PolySwarm

This page is available in English.

This page is available in 日本語.

Level 0: Scratch to EICAR

Microengine “Hello World”

Overview

The “Hello World” of developing an anti-malware solution is invariably detecting the EICAR test file.

This benign file is detected as “malicious” by all major anti-malware products - a safe way to test a positive result.

Our first Microengine will be no different: let’s detect EICAR!

(Optional) review the components of a Microengine →

Building Blocks

This guide will reference and build on:

  • engine-template: The name says it all - this is a convenient template with interactive prompts for creating new engines. We’ll use this in our tutorial.

  • polyswarm-client: The Swiss Army knife of exemplar PolySwarm participants (“clients”). polyswarm-client can function as a microengine (we’ll build on this functionality in this tutorial), an arbiter and an ambassador (we’ll use these to test what we built).

Customize engine-template

Warning: Windows-based engines are currently only supported as AMIs (AWS Machine Images).

The customization process for Window-based engines assumes you have an AWS account and its ID handy.

We'll be expanding deployment options in near future, including self-hosted options. Linux-based engines have no such stipulation.

We’re going to cut our Engine from engine-template. To do this, we’ll need cookiecutter:

pip install cookiecutter

With cookiecutter installed, jump-starting your engine from our template is as easy as:

cookiecutter https://github.com/polyswarm/engine-template

Prompts will appear, here’s how we’ll answer them:

  • engine_name: MyEicarEngine (the name of your engine)
  • engine_name_slug: (accept the default)
  • project_slug: (accept the default)
  • author_org: ACME (or the real name of your organization)
  • author_org_slug: (accept the default)
  • package_slug: (accept the default)
  • author_name: Wile E Coyote (or your real name)
  • author_email: (your email address)
  • platform: answer truthfully - will this Engine run on Linux or Windows?
  • has_backend: no (see explanation below)
  • aws_account_for_ami: (Windows only) your AWS account ID (for Linux engines, just accept the default)

One of the prompt items is has_backend, which can be thought of as "has a disjoint backend" and deserves additional explanation.

When wrapping your scan engine, inheritance of polyswarm-client classes and implementation of class functionality are referred to as "frontend" changes. If your scan engine "frontend" must reach out across a network or local socket to a separate process that does the real scanning work (the "backend"), then you have a disjoint "backend" and you should answer yes to has_backend. If instead your scan engine can easily be encapsulated in a single Docker image (Linux) or AMI (Windows), then you should select no for has_backend.
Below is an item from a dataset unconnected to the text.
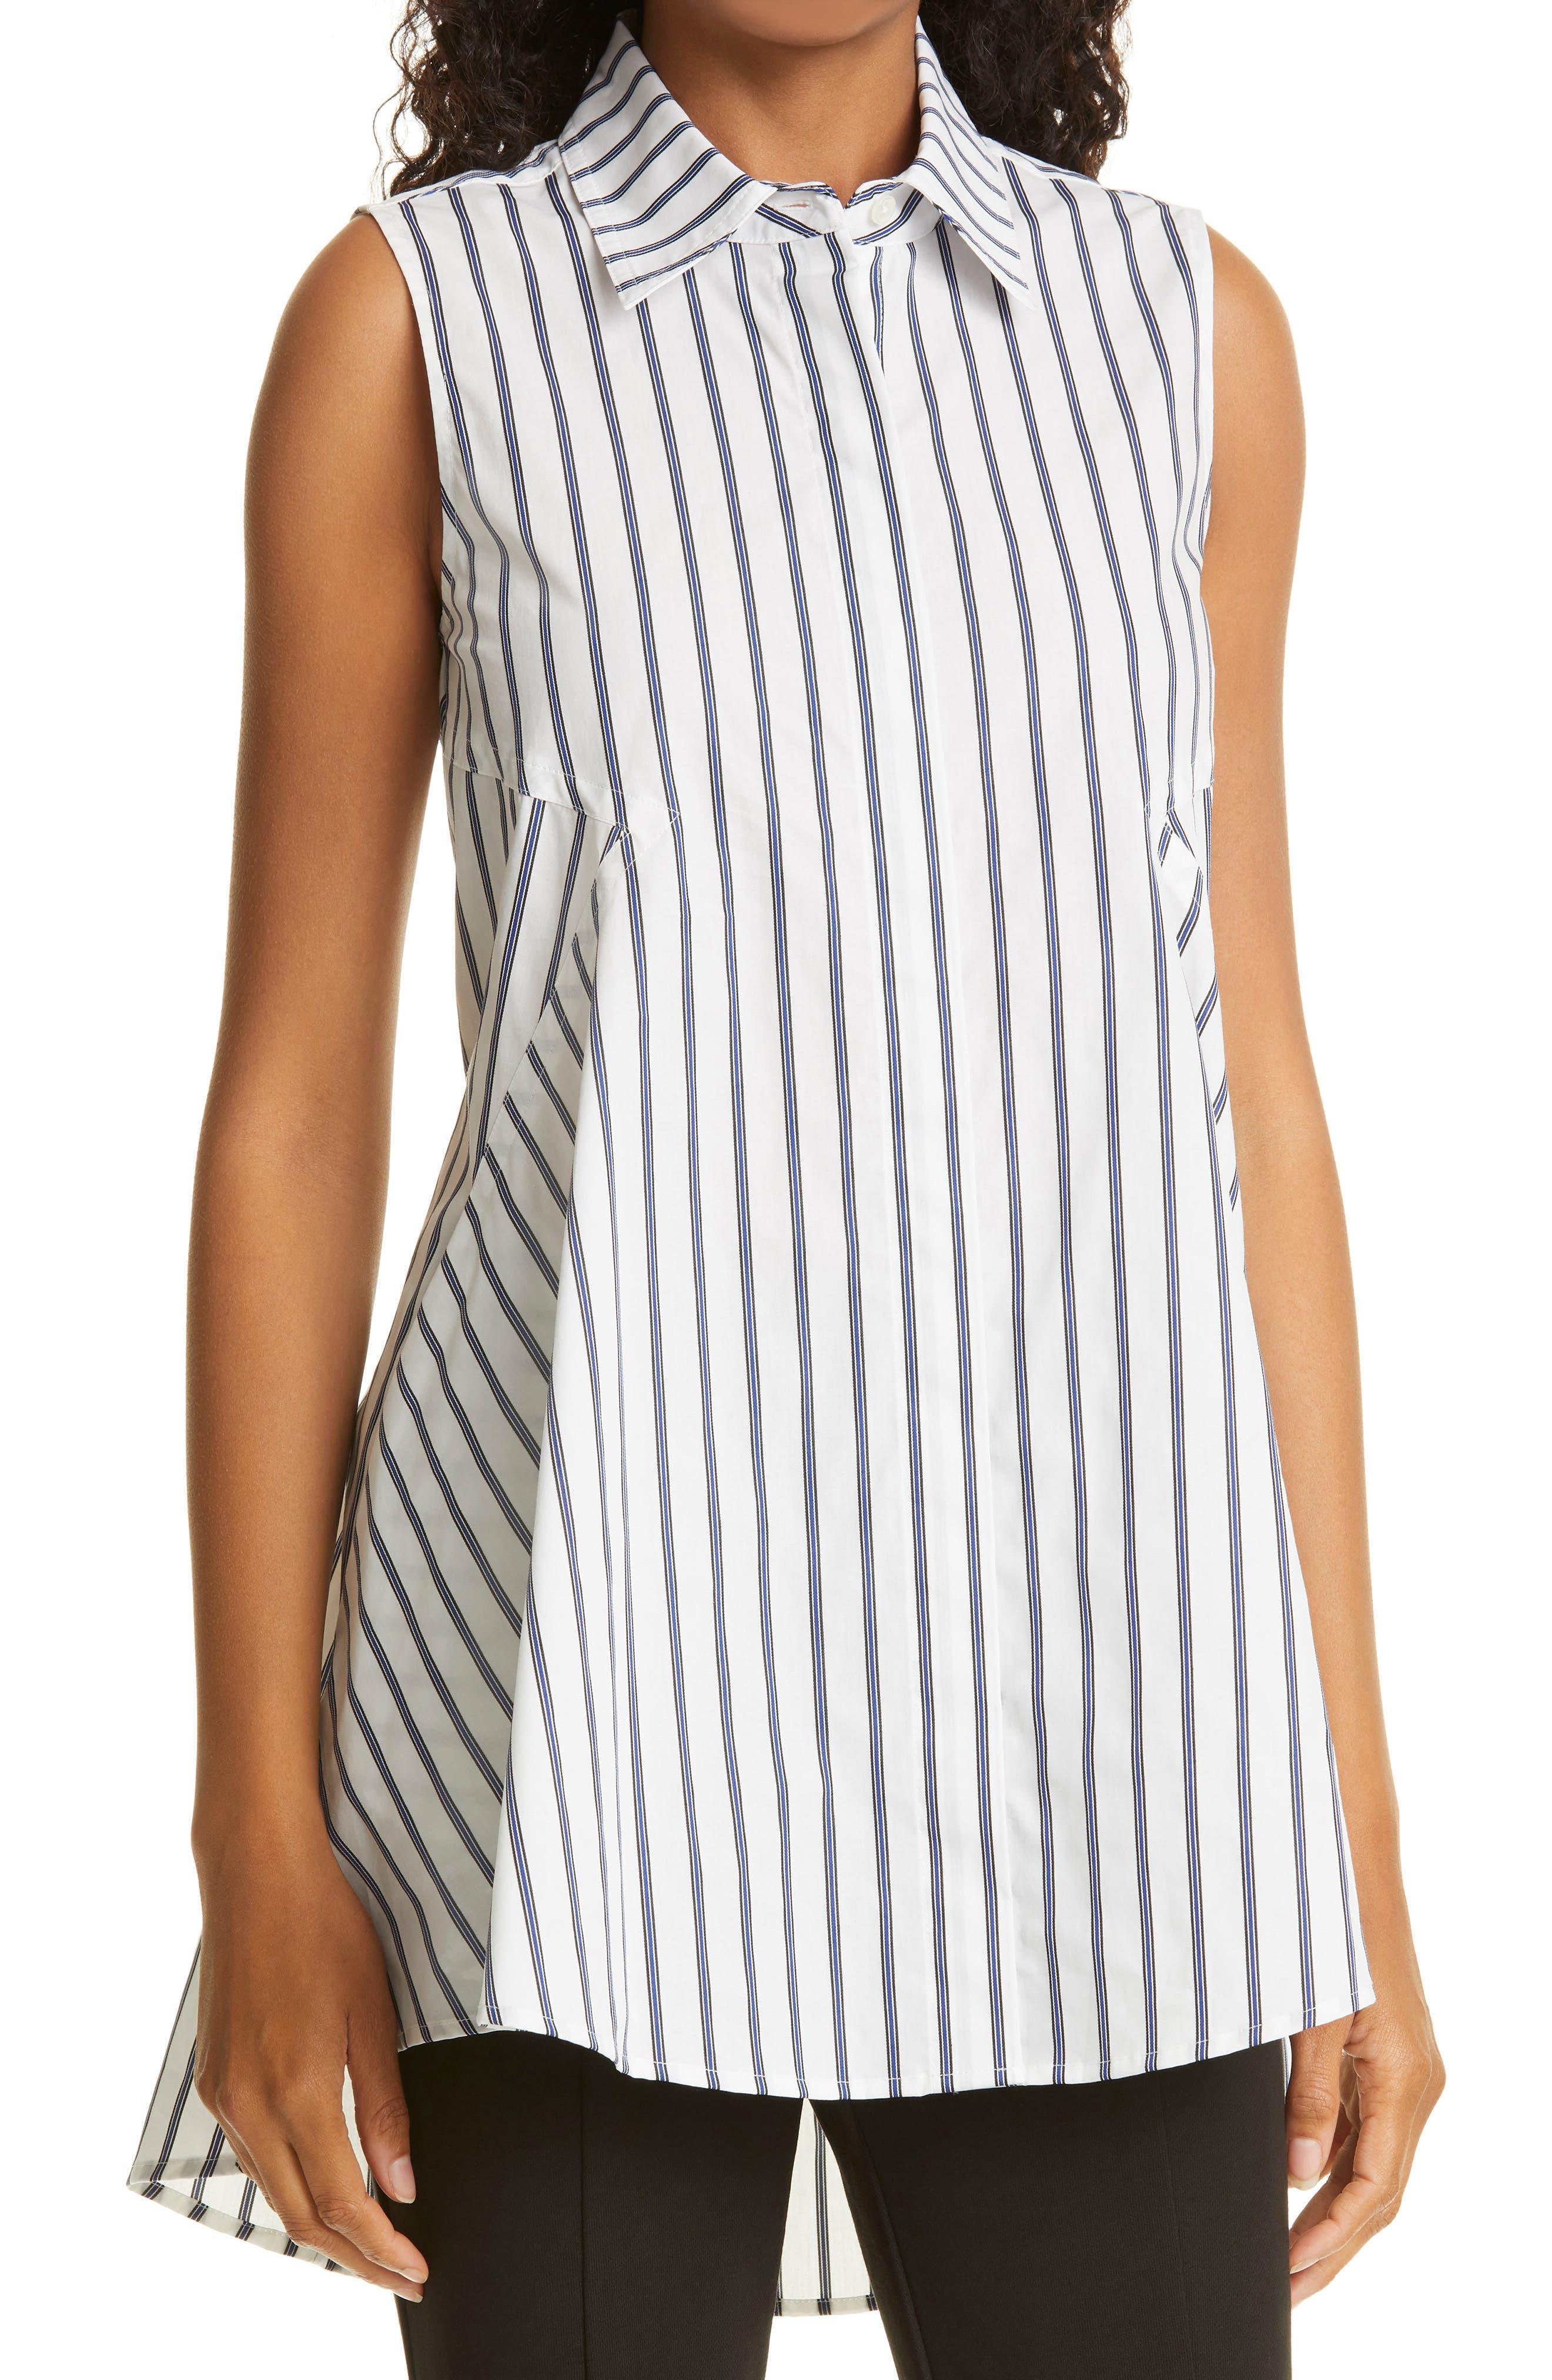 Signature Stripe Sleeveless Tunic

Example of disjoint frontend / backend:

Example of only a frontend (has_backend is false):

You’re all set!

You should find a microengine-myeicarengine in your current working directory - this is what we’ll be editing to implement EICAR scan functionality.

Implement an EICAR Scanner & Microengine

Detecting EICAR is as simple as:

  1. implementing a Scanner class that knows how to identify the EICAR test file
  2. implementing a Microengine class that uses this Scanner class

Let’s get started.

Open microengine-myeicarengine/src/(the org slug name)_myeicarengine/__init__.py.

This file will implement both our Scanner and Microengine classes:

  • Scanner: our Scanner class. This class will implement our EICAR-detecting logic in its scan function.

  • Microengine: our Microengine class. This class will wrap the aforementioned Scanner to handle all the necessary tasks of being a Microengine that detects EICAR.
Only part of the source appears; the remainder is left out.